Is there any way to find arithmetic mean "better" than sum()/N?

Question

Suppose we have N numbers(integers, floats, whatever you want) and want to find their arithmetic mean. Simplest method is to sum all values and divide by number of values:

def simple_mean(array[N]): # pseudocode
    sum = 0
    for i = 1 to N
       sum += array[i]
    return sum / N

It works fine, but requires big integers. If we don't want big integers and we are fine with rounding errors, and N is the power of two, we can use 'divide-and-conquer' : ((a+b)/2 + (c+d)/2)/2 = (a+b+c+d)/4, ((a+b+c+d)/4 + (e+f+g+h)/4)/2 = (a+b+c+d+e+f+g+h)/8, so on.

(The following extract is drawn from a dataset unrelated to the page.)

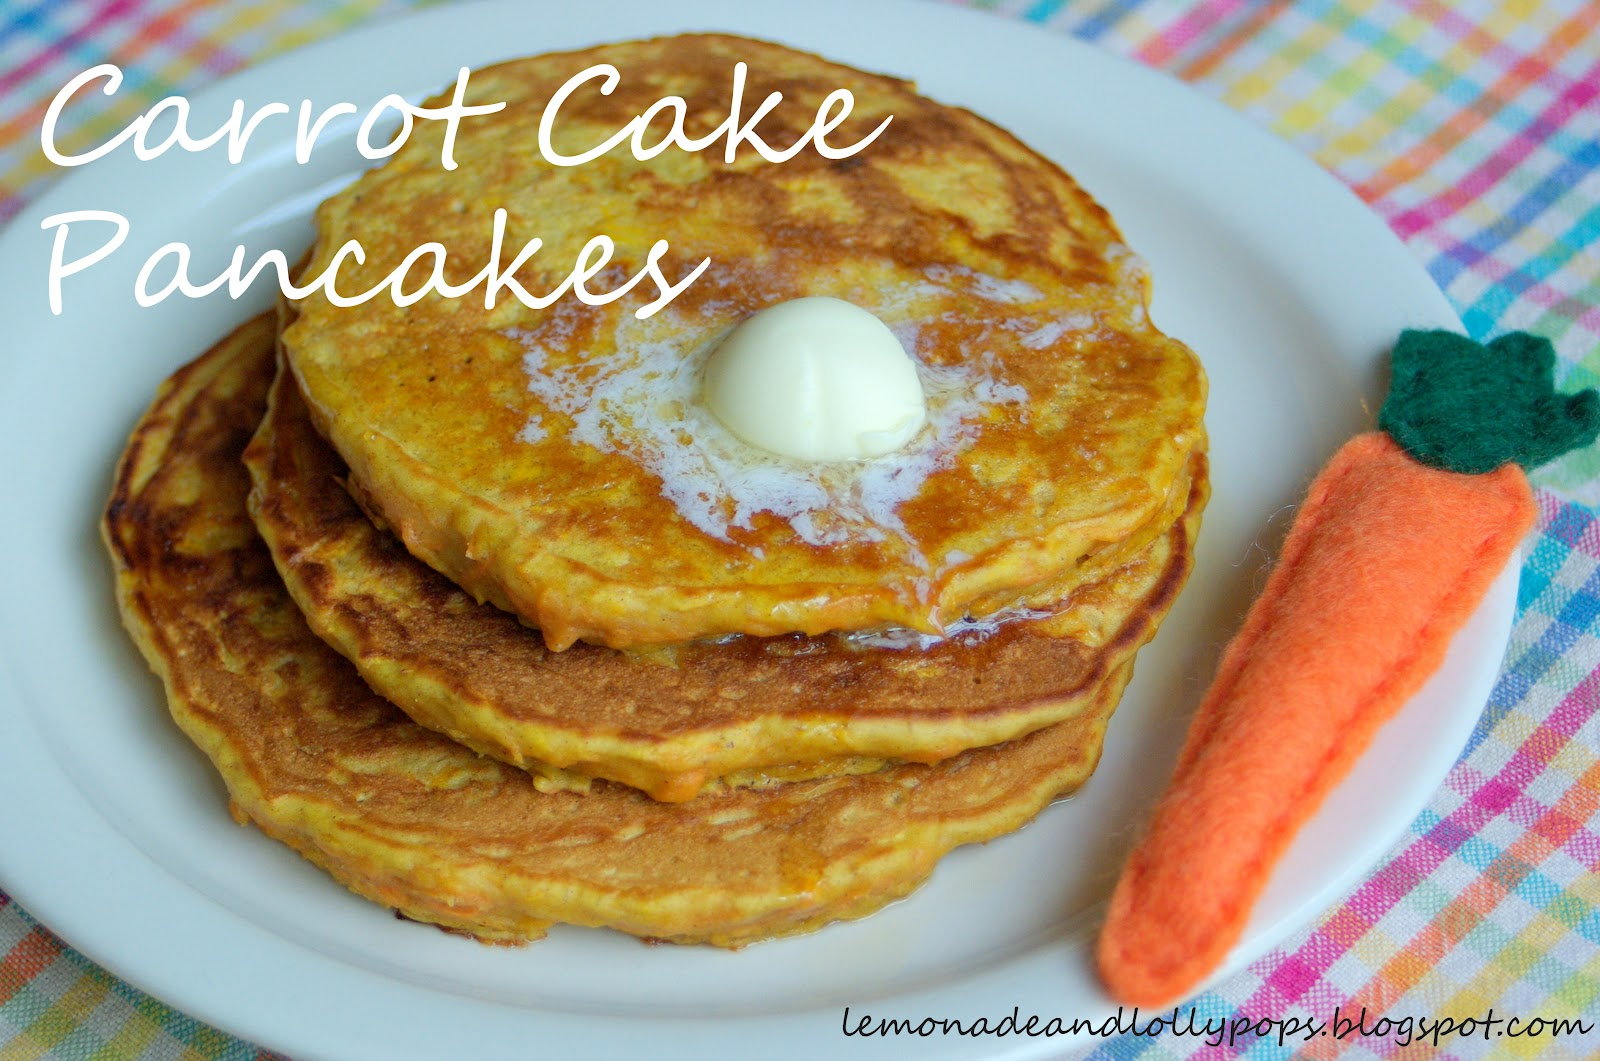 Lemonade and Lollypops: Carrot Cake Pancakes

def bisection_average(array[N]):
   if N == 1: return array[1]
   return (bisection_average(array[:N/2])+bisection_average(array[N/2:]))/2

Any other ways?

PS. playground for lazy

Answer 1

Knuth lists the following method for calculating mean and standard deviation given floating point (original on p. 232 of Vol 2 of The Art of Computer Programming, 1998 edition; my adaptation below avoids special-casing the first iteration):

double M=0, S=0;

for (int i = 0; i < N; ++i)
{
    double Mprev = M;
    M += (x[i] - M)/(i+1);
    S += (x[i] - M)*(x[i] - Mprev);
}

// mean = M
// std dev = sqrt(S/N) or sqrt(S/N+1)
// depending on whether you want population or sample std dev

Answer 2

Here's a way to calculate the mean using just integers without rounding errors and avoiding big intermediate values:

sum = 0
rest = 0
for num in numbers:
  sum += num / N
  rest += num % N
  sum += rest / N
  rest = rest % N

return sum, rest

Answer 3

If the big integers are problem... is it ok

a/N + b/N+.... n/N

I mean you're looking just for other ways or the optimal way?

Answer 4

If the array is floating-point data, even the "simple" algorithm suffers from rounding error. Interestingly, in that case, blocking the computation into sqrt(N) sums of length sqrt(N) actually reduces the error in the average case (even though the same number of floating-point roundings are performed).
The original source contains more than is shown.